Но и в эндшпиле жизни Лидия Алексеевна находила светлое и доброе в пребывании на этом свете, готовясь к итоговому путешествию в лучший из миров:
Не спрашивай, что будет там, потом,
Когда настанет миг прощанья и свободы, –
Ведь если что-то ждет – какое чудо в том!
А если ничего… Какой великий отдых!
Вечная дорога к России
Поэзия Алексеевой совершенно не политизирована. Она не шлет проклятия большевикам, вынудившим ее семью покинуть любимую Россию. Она не заламывает руки в истерике по утраченной Отчизне. Она просто благодарит Россию, что та была в ее жизни:
От родников Твоих ни капли нет во мне,
Питают кровь мою давно другие страны, –
И Ты – лишь быстрый вздох в передрассветном сне,
Лишь тонкий белый шрам переболевшей раны.
Но, может быть, не так? И это Ты зовешь
И под ноги бежишь, как вечная дорога,
И мне перешагнуть ревниво не даешь
Чужого, равнодушного порога?..
То что порог был чужой и равнодушный, подтверждают действия хозяина дома, где имела квартирку Лидия Алексеевна. Пока та доживала последние дни в больнице, торопящийся получить деньги с новых жильцов "бизнесмен" сжег все бумаги и письма поэтессы, предав уникальный архив огню.
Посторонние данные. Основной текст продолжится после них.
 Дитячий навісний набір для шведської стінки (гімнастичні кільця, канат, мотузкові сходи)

То что, не утащили черные, уничтожил белый.
Не в изгнании, а в послании. Вместо эпилога
Так, в 1989 году закончилась жизнь большого поэта русской эмиграции Лидии Алексеевой.
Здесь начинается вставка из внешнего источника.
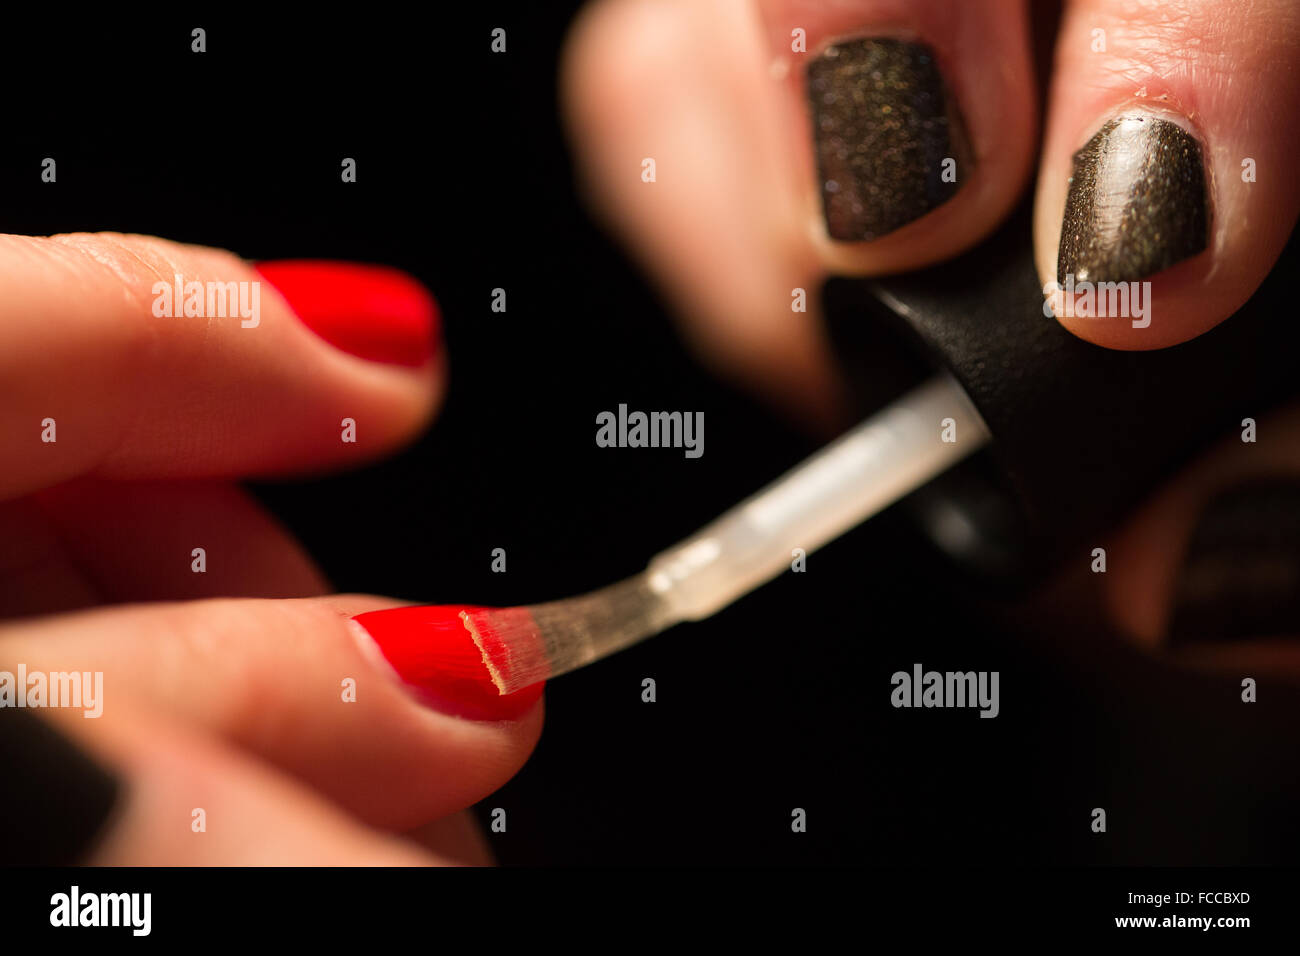 Fingernail polish. Stock Photo

Ветры перемен все же донесли ее замечательные стихи в Россию, объединив их в книге "Горькое счастье" (2007 г.), за что отдельное спасибо издательству "Водолей", возвращающего нам блистательные имена Серебряного века русской поэзии, пусть и оказавшиеся в эмиграции, но своим талантом и трудом заставивших весь мир убедиться, что они "не в изгнании, а в послании"
Нет, в ней разрыва нет,
И даже узелков –
В той нити, что на свет
Вела из детских снов.
И это я в игре
Касаюсь ворса лбом
На вытертом ковре,
На серо-голубом.
И это схвачен мной
У мокрых скал морских
Подброшенный волной
Мой самый первый стих.
И это отдан мне
Весь мир из Божьих рук, –
И я стою в окне
Вагона всех разлук.
Старушечья скамья
И стайка воробьев...
И там, должно быть, я –
Не вижу без очков.
Конечно, это вы, Лидия Алексеевна...
Даже не сомневайтесь!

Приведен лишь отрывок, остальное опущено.